Nem sempre o que é necessário é bonito de ver. A ação da polícia no Rio de Janeiro provocou reações intensas, mas não foi o mal em si, foi a consequência inevitável de uma sociedade que perdeu o senso de limite, de respeito e de pertencimento. Quando o bem precisa usar força para conter o caos, é porque o caos já venceu em muitas frentes antes: na escola, na família, na política, na educação moral. E, talvez, o que mais nos machuque seja reconhecer que parte desse descontrole nasce da nossa própria omissão.

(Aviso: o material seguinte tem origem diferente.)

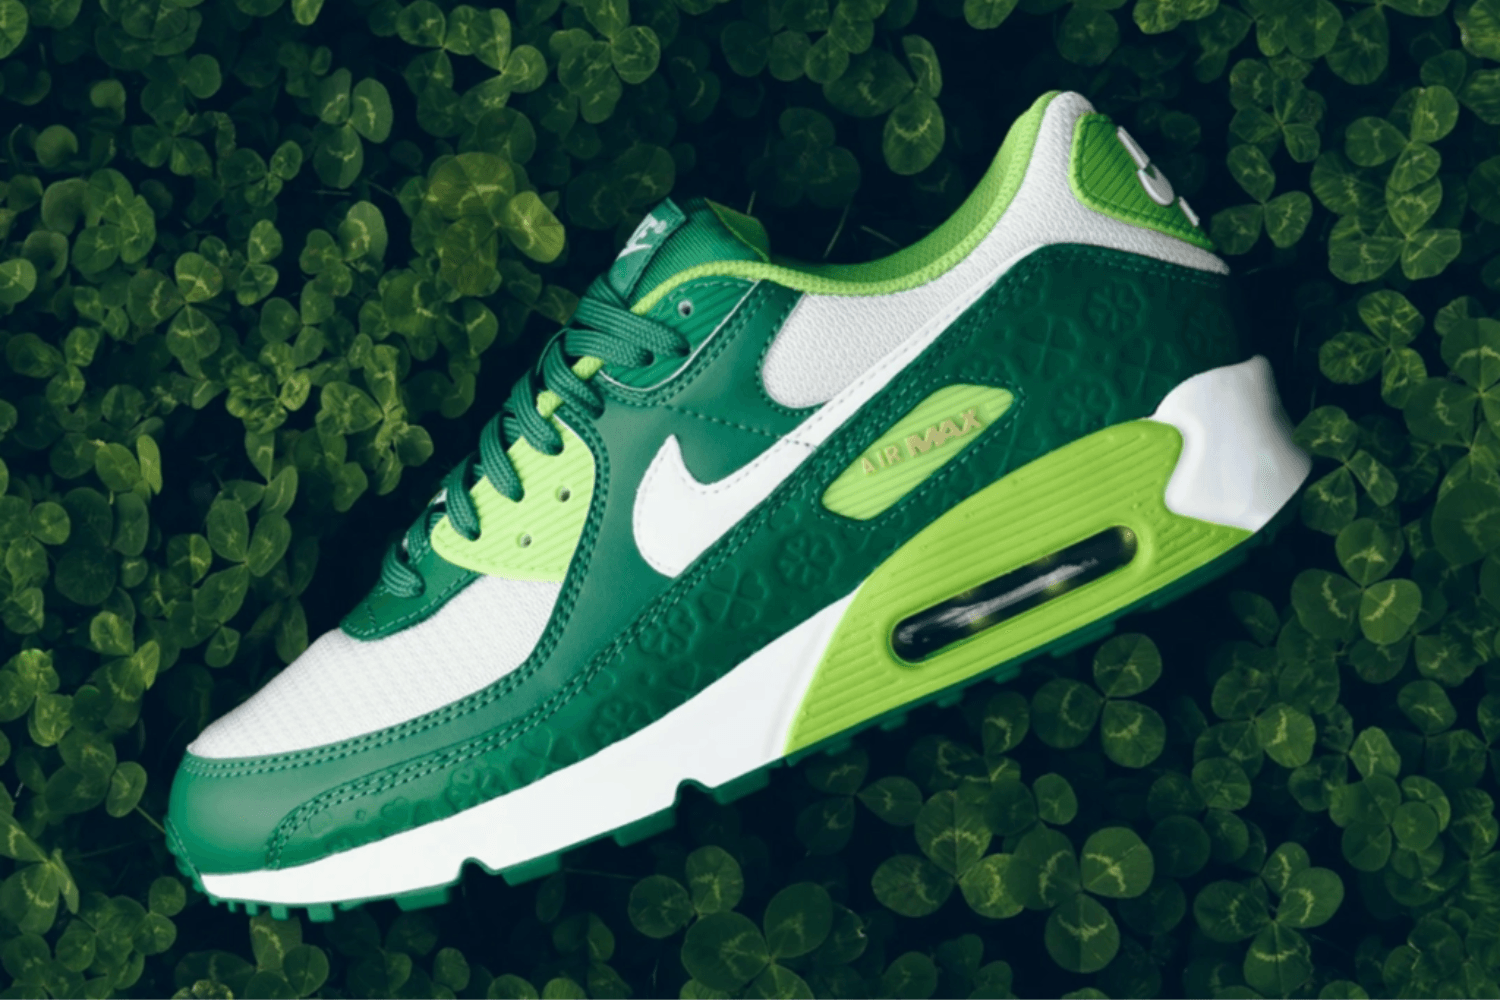 Saint Patrick's Day sneakers at StockX

Vivemos tempos em que a autoridade virou ofensa. O professor, que deveria ser o farol do conhecimento, é desrespeitado, agredido, desmoralizado. Os cursos de licenciatura, outrora celeiros de vocações, estão esvaziando as salas. Quem ainda se dispõe a ensinar precisa lidar com pais que, sem nunca terem segurado um giz, acham que entendem mais de educação do que quem dedicou a vida à sala de aula. E há, lamentavelmente, professores que confundem formação com doutrinação, trocando o encantamento do saber pela repetição de discursos. O resultado é um sistema à beira do colapso e uma geração que fala “tipo assim” porque desaprendeu a pensar com profundidade.


Vivemos num país de contrastes. O mesmo povo que se une comovido diante de uma tragédia, como vimos nas enchentes do Rio Grande do Sul em 2024, também convive com desvios de doações e saques a lojas. A solidariedade e a corrupção, lado a lado, como duas faces da mesma moeda. Somos, como disse o poeta, “um país abençoado por Deus e bonito por natureza”. Mas o que fizemos dessa bênção? Em que curva perdemos o rumo da ética, da hierarquia e do senso de coletividade?

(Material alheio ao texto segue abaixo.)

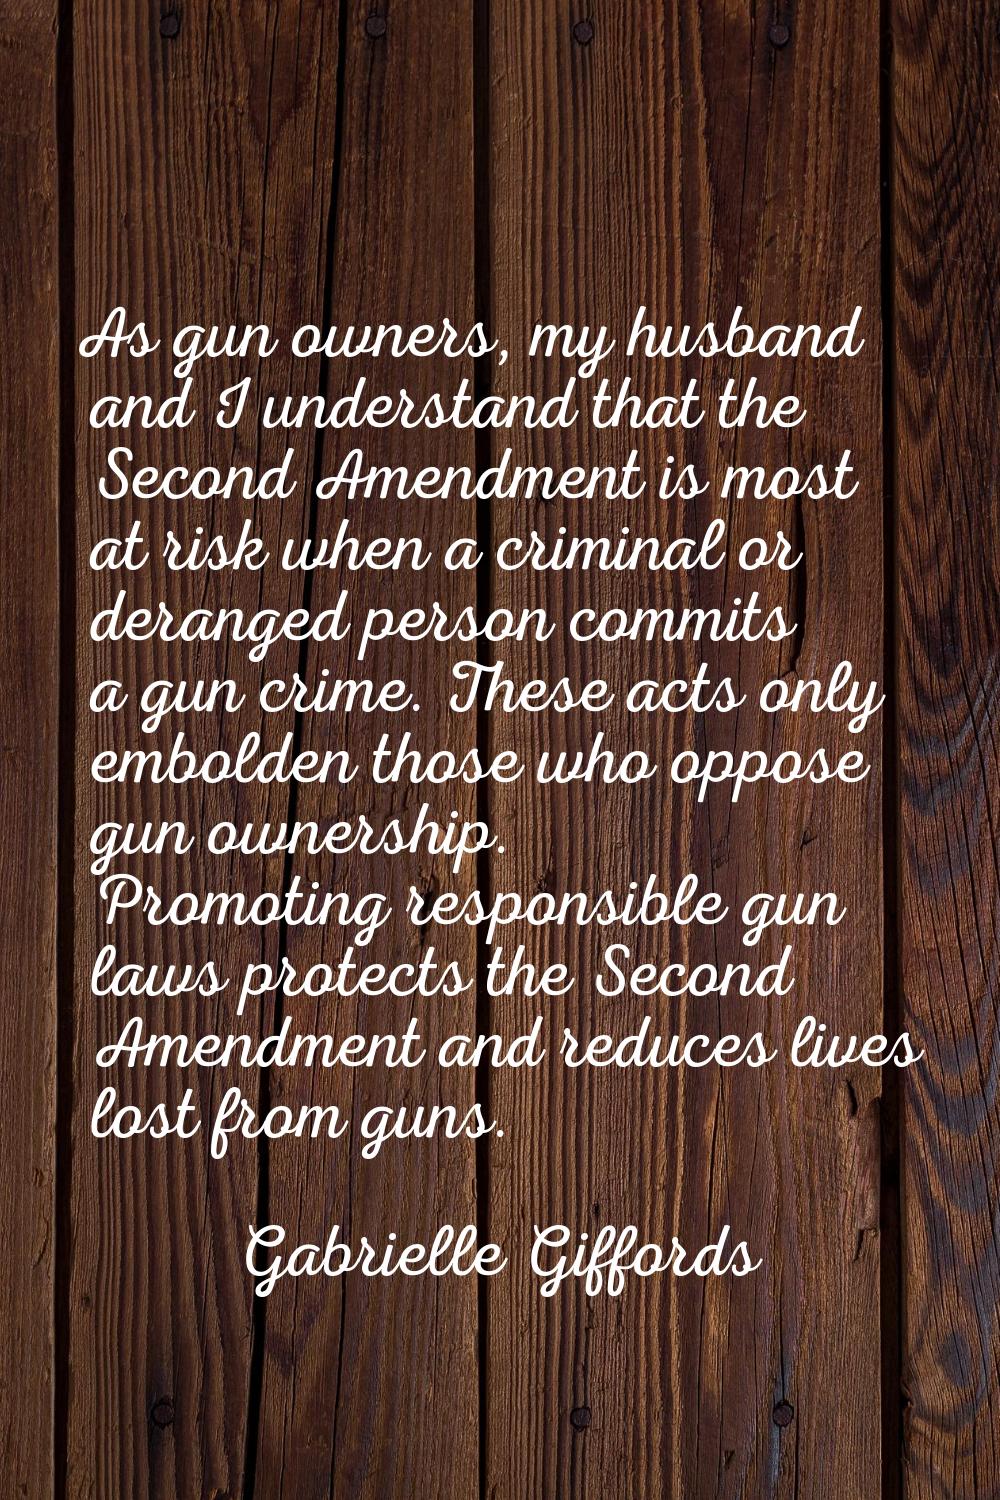 As gun owners, my husband and I understand that the Second Amendment is most at risk when a crimina

No Rio, choram mães de bandidos e mães de policiais. Ambas, vítimas da mesma ausência: a do Estado, a da oportunidade, a da justiça que tarda e falha. Aqueles que caíram nas mãos do tráfico um dia foram meninos. E os que tombaram fardados também nasceram em comunidades carentes. A diferença está nas escolhas, mas as escolhas são moldadas pelas chances que cada um teve, ou não teve.


A verdade é que estamos cansados. Cansados da impunidade, da inversão de valores, do espetáculo de egos nas redes sociais, onde o like vale mais do que o mérito. Cansados de ver o dinheiro público escorrer por ralos de corrupção, de ver inocentes morrendo, de ver culpados sendo “descondenados”.


Ainda assim, insisto em acreditar. Porque acredito nas pessoas e continuo jogando o jogo do contente, como a velha Poliana. Acredito no país que resgata um cavalo ilhado em um telhado em meio à enchente, que se mobiliza para salvar desconhecidos, que ainda se emociona diante do bem.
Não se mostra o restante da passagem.